NetBackup™ for Apache Cassandra Administrator's Guide
Components and Terminologies of the Cassandra backup and recovery
The following table describes the purpose of different components and terminologies of the Cassandra backup and recovery solution.
Table:
Components and Terminologies | Purpose and Definition |
---|---|
Application Cluster |
|
Protection plan | A protection plan defines when backups are performed, how long the backups are retained, and the type of storage to use. Once a protection plan is set up, assets can be subscribed to the protection plan. |
Backup host | The backup host acts as a proxy client. All the backup and the restore operations are executed through the backup host. The Cassandra Backup Recovery (CBR) solution, uses the BigData policy with application type cassandra.

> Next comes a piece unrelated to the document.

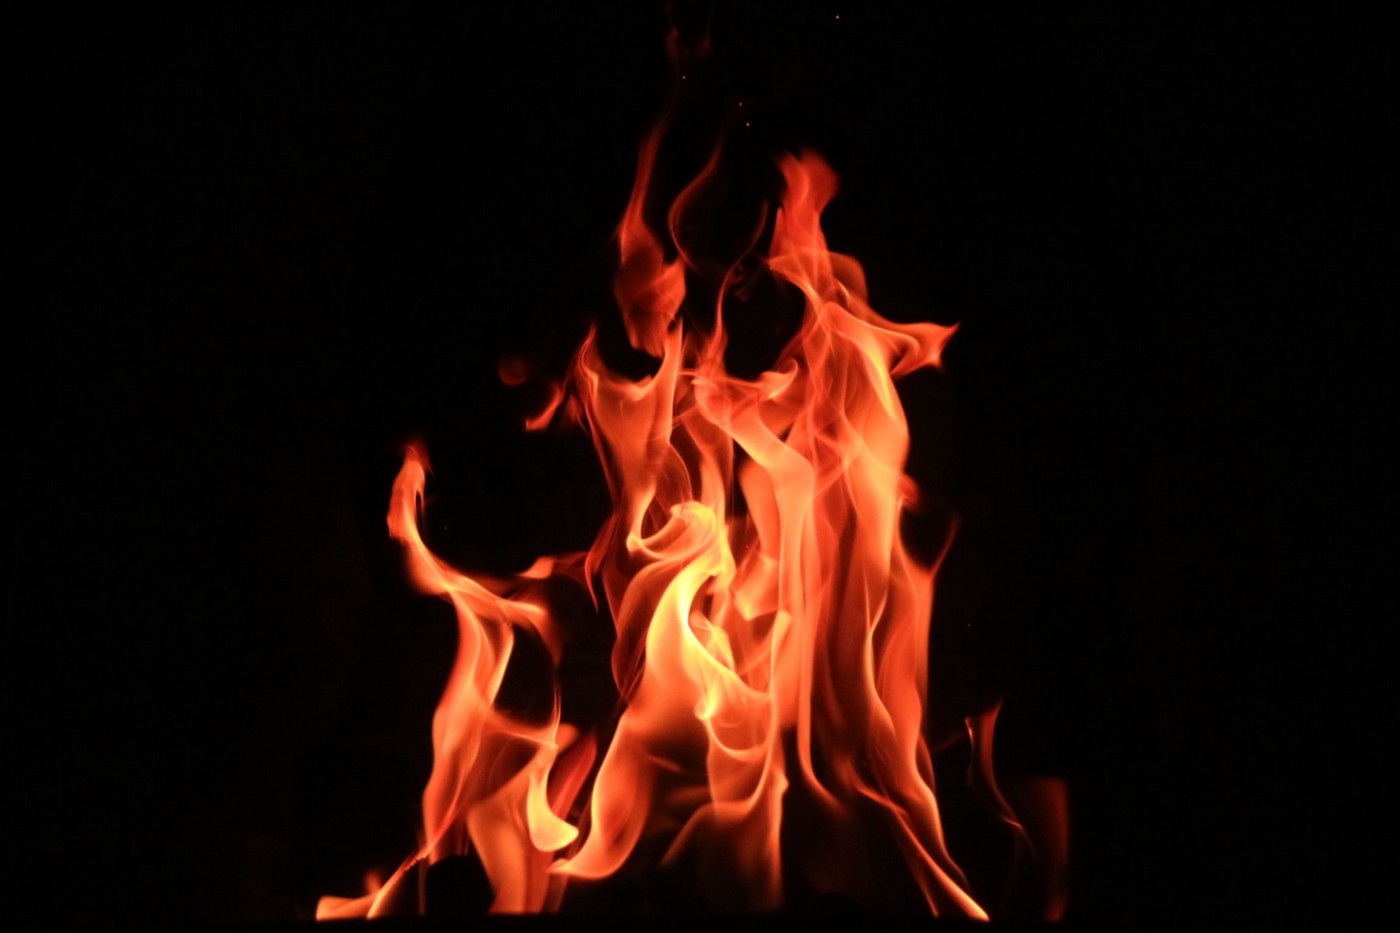 Man attempts self-immolation in Jhapa
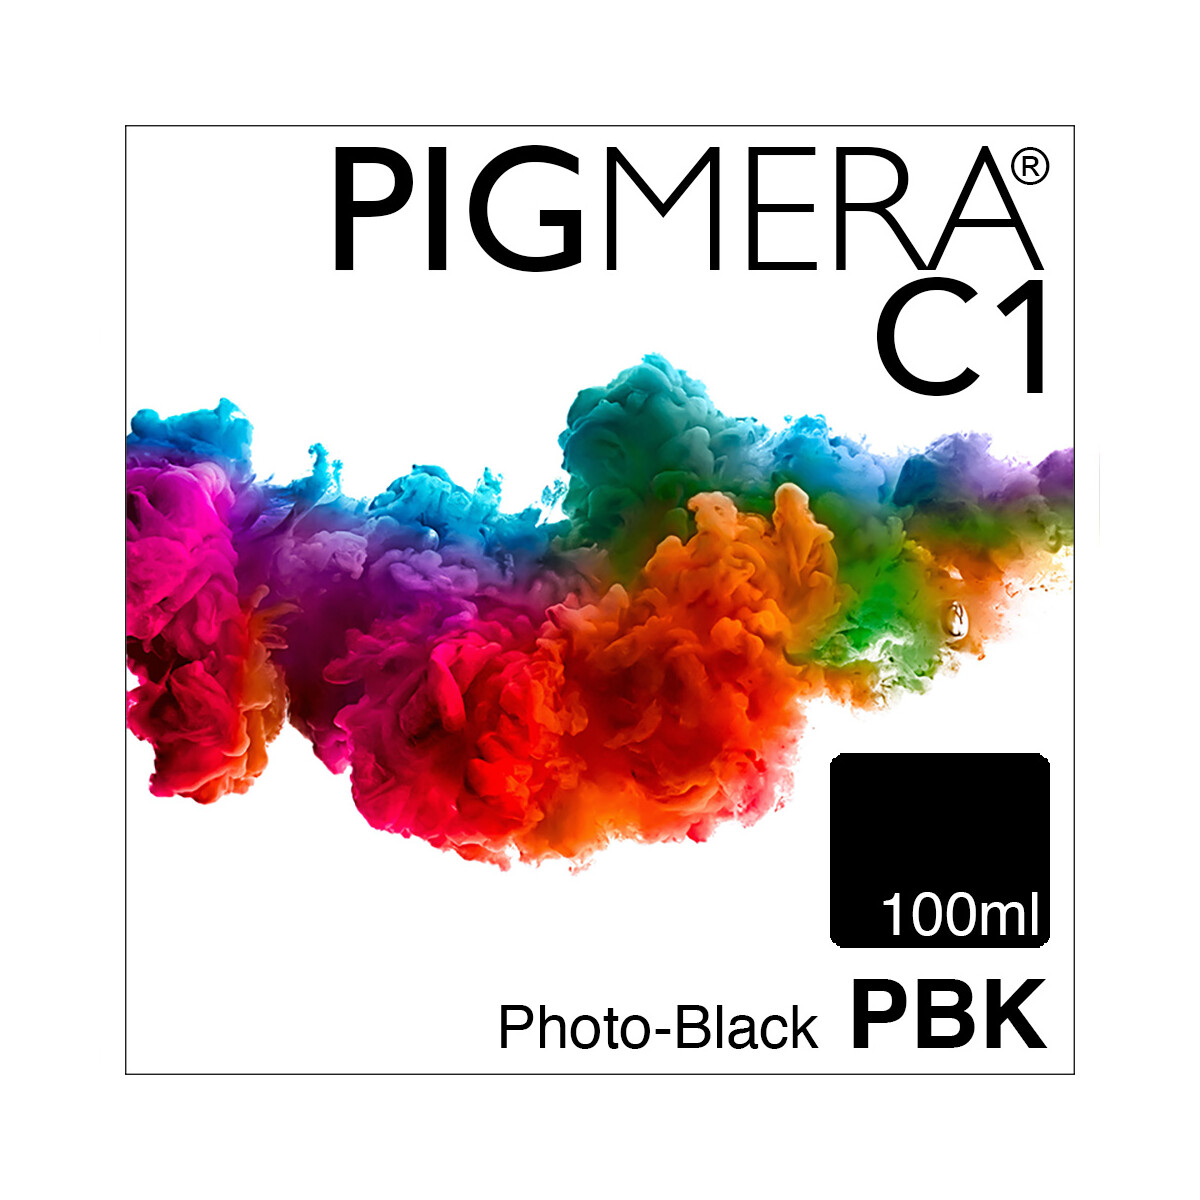 farbenwerk Pigmera C1 Bottle Photo-Black 100ml

The Protection plan uses this backup host. The media server that is used to configure storage server for the CBR solution must be used as backup host. Note: You can also use NetBackup client as a backup host. |
Cassandra cluster | Represents the Cassandra production cluster that you want to protect |
Cassandra Backup Recovery component | The NetBackup thin client which gets deployed on data staging servers and Cassandra cluster to aid in backup and restore operations. |
Data staging servers | NetBackup requires a set of servers for backup of Cassandra cluster in addition to the NetBackup primary, and backup hosts. These servers are typically 20% of the total number of servers in the Cassandra cluster. These servers are used to deduplicate the data from Cassandra cluster during backup and optimize the backup process. During a backup or restore, Cassandra keyspace are streamed in-parallel between the Cassandra cluster and the data staging servers. The data staging servers, represent a staging cluster. You need to deploy the nodes wherein, they are used depending on the size of data that needs to be backed up or restored. |
Data reduction | As part of data reduction the following tasks are performed:
|
NetBackup primary server | All the jobs are executed from the NetBackup primary server. |
Parallel streams | The NetBackup parallel streaming framework allows data blocks from multiple nodes to be backed up using multiple backup hosts simultaneously. |